3.2. Cell Culture and Treatments

The MG63 cell line was used as the OS model, while the WS1 human fibroblast cell line (American Type Culture Collection, ATCC, Manassas, VA, USA) was used as the nontumor model. Cells were grown routinely in 5% CO2/humidified air at 37 °C with Dulbecco’s modified Eagle medium supplemented with D-glucose (4.5 g/L), fetal bovine serum (10% v/v), L-glutamine (2 mM), penicillin (1000 U/mL), and 1 mg/mL of streptomycin (Euroclone S.p.A., Milan, Italy). Cells were seeded at 5.000 cells/well (15 × 103 cell/cm2) in a 96-well plate (Corning®, Corning, NY, USA) and incubated 24 h to allow cell adhesion. After adhesion, the medium was removed and replaced with fresh medium containing the desired concentration of the compounds to be tested.

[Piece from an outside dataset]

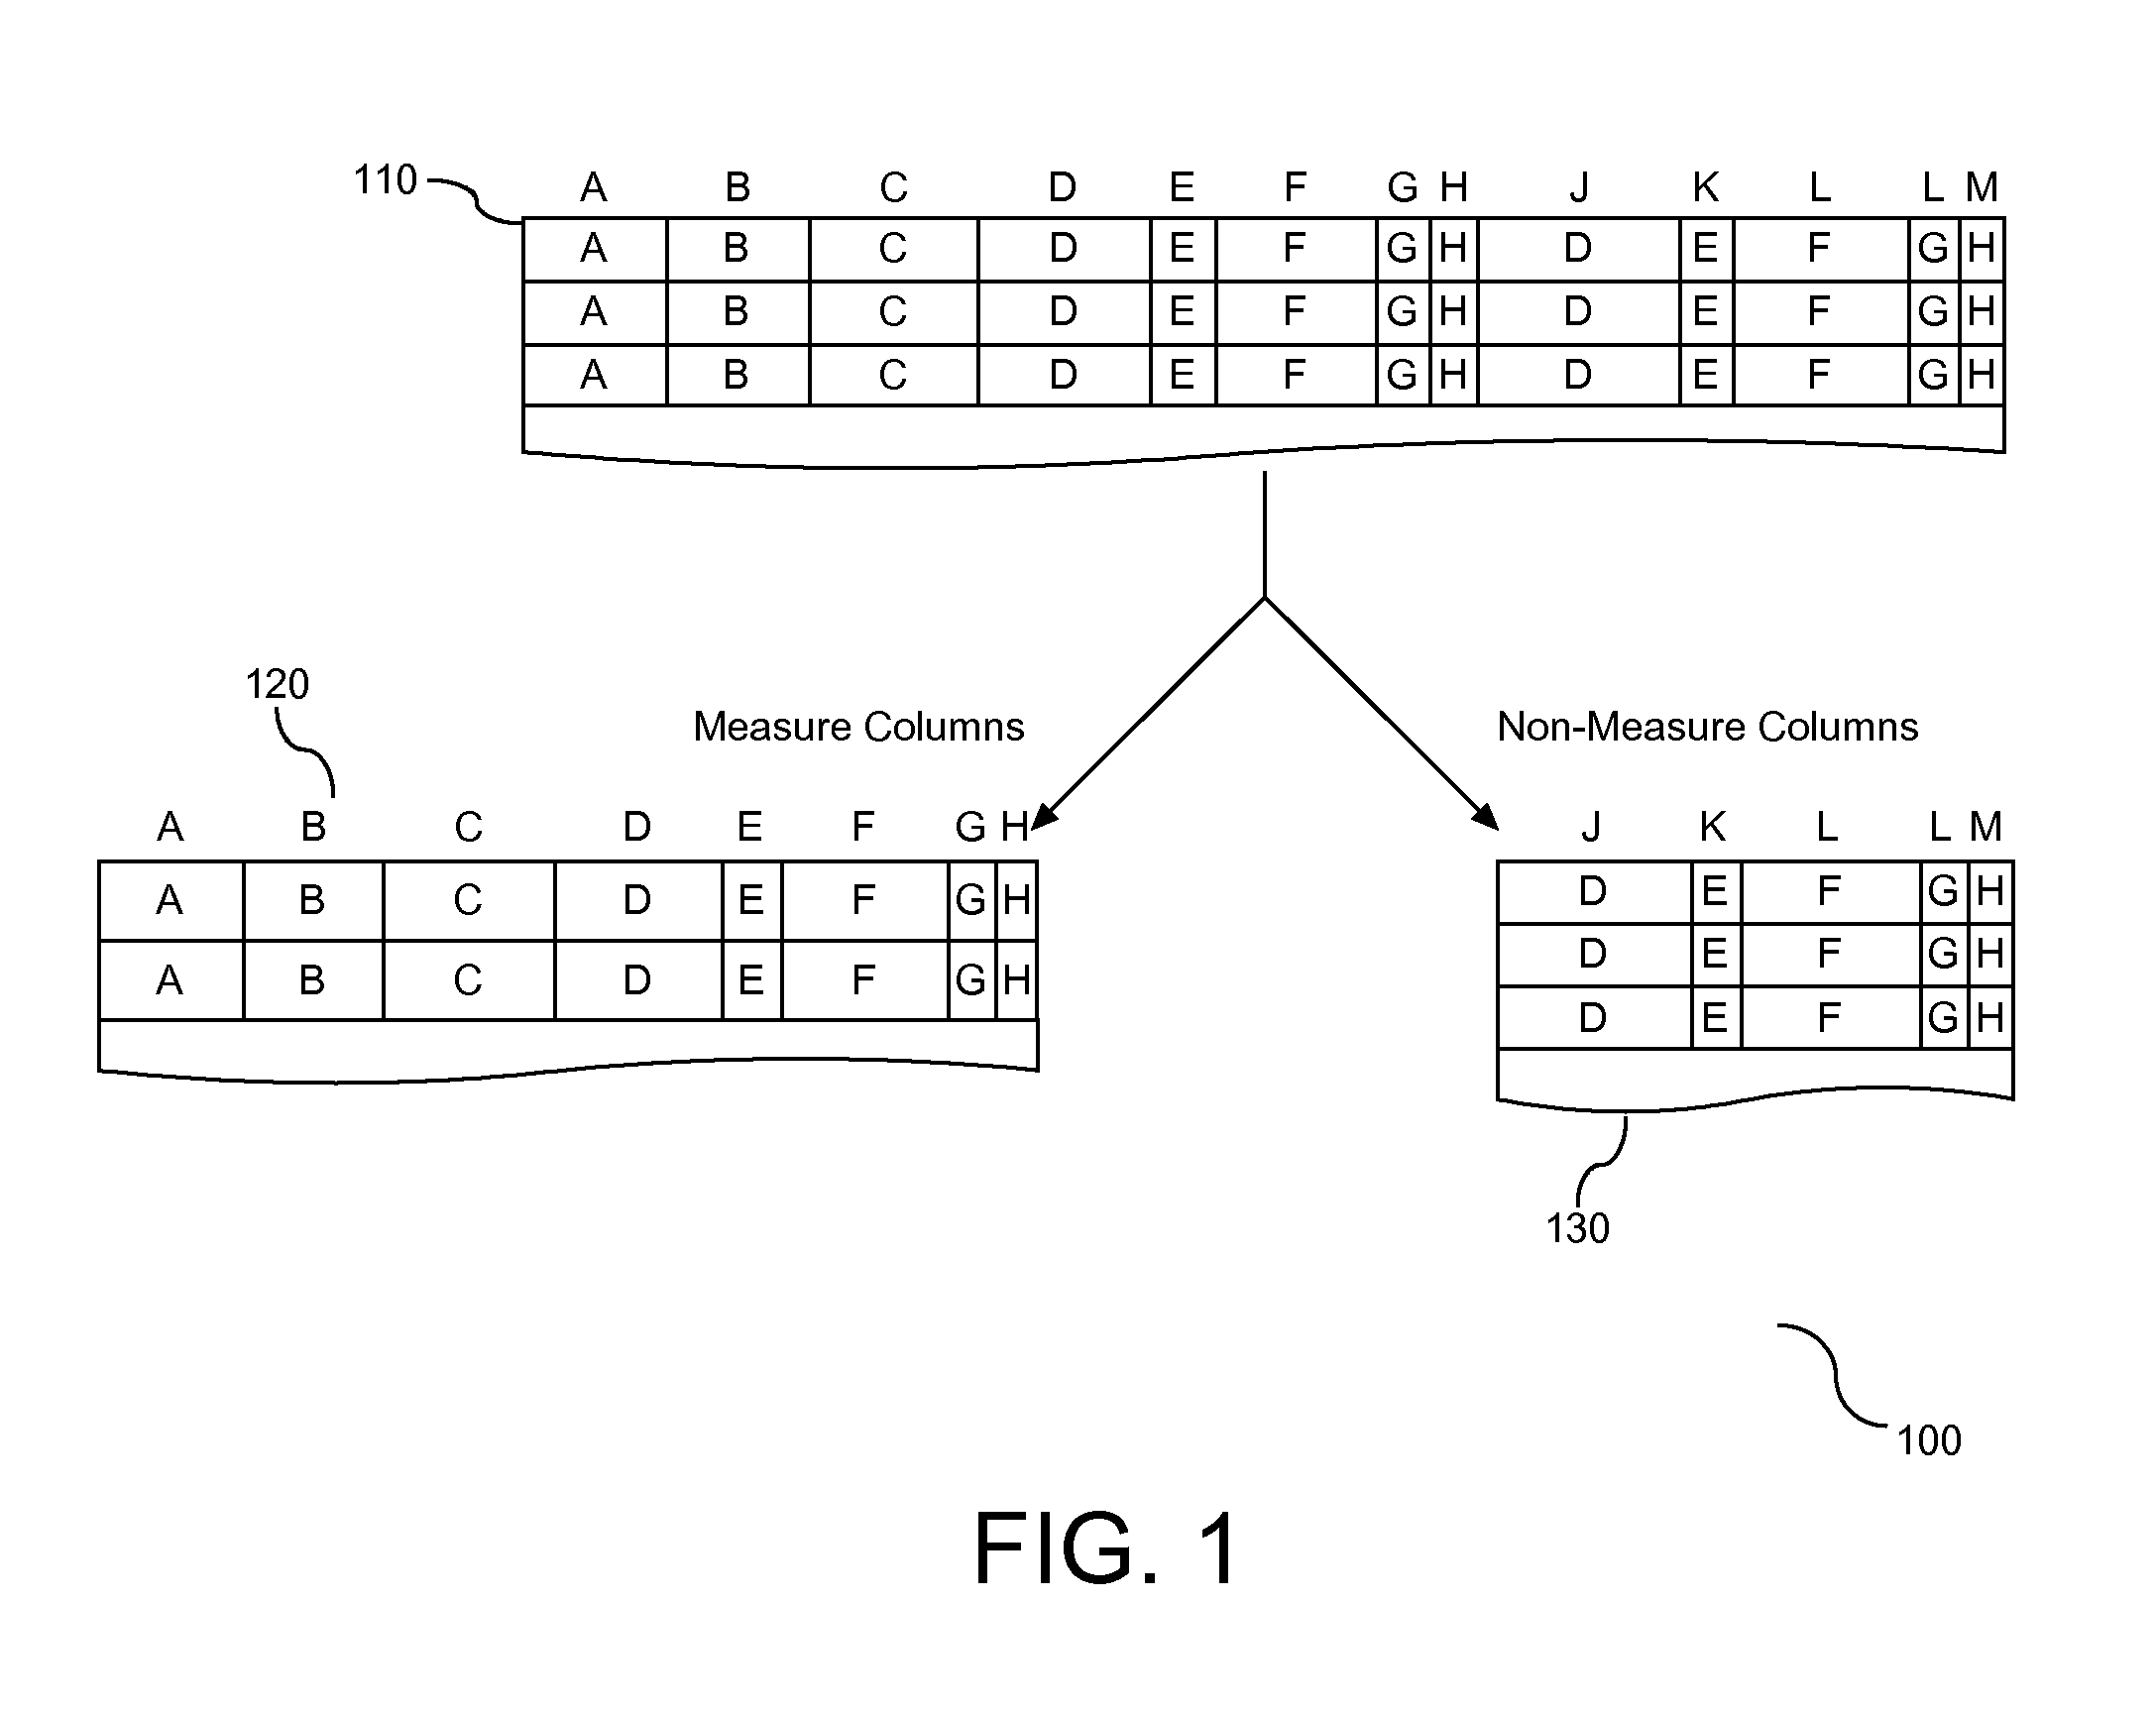 Method for Laying Out Fields in a Database in a Hybrid of Row-Wise and Column-Wise Ordering

Tested compounds were dissolved in dimethyl sulfoxide (DMSO) (product reference, 276855; Sigma-Aldrich Chemie GmbH, Schnelldorf, Germany) at 50 mM to produce a stock solution that was added to the cell culture medium to achieve the final concentrations of 10, 20, and 50 µM. The vehicle, DMSO, was used as a negative control, while Lic-A (product reference, 435800; Merk KGaA, Darmstadt, Germany) (DMSO stock solution, 29.5 mM) was used as a reference compound. Doxorubicin (product reference, 44583; Sigma-Aldrich Chemie GmbH, Schnelldorf, Germany) (water stock solution, 2.76 mM) and methotrexate (product reference, M1000000; Sigma-Aldrich Chemie GmbH, Schnelldorf, Germany) (DMSO stock solution, 50 mM), commonly employed in OS chemotherapy protocols, were used as reference drugs at the following final concentrations: 640, 320, and 160 nM for doxorubicin; 80, 40, and 20 nM for methotrexate.

3.3. Quantitative Phase Imaging

After treatment, the cells were followed for 72 h with a LivecyteTM kinetic cytometer (Phase Focus Ltd., Sheffield, UK). LivecyteTM, through ptychographic quantitative phase imaging (QPI), identifies individual cells and monitors their morphological and behavioral features in a label-free manner. All the experiments were performed in four replicates [28].

3.4. MTT Viability Assay

Cellular metabolic activity, as an indicator of cell viability and cytotoxicity, was measured by MTT assay in OS cells after 48 h and 72 h treatments. Briefly, 10µL of 3-(4,5-Dimethyl-2-thiazolyl)-2,5-diphenyl-2H-tetrazolium bromide (MTT) (5 mg/mL stock solution) (Merk KGaA, Darmstadt, Germany) were added to each well, and the plate was incubated for 2 h (5% CO2/humidified air at 37 °C). After 2 h, the cell culture medium was removed, and the formazan crystals were solubilized by adding 150µL/well of propan-2-ol (product reference, 34863; Merk KGaA, Darmstadt, Germany). The absorbance at 570 nm was measured and recorded with a multimode plate reader EnSpire® (PerkinElmer, Waltham, USA). The sample absorbance at 690 nm was used as a reference wavelength for correction. All the experiments were performed in four replicates.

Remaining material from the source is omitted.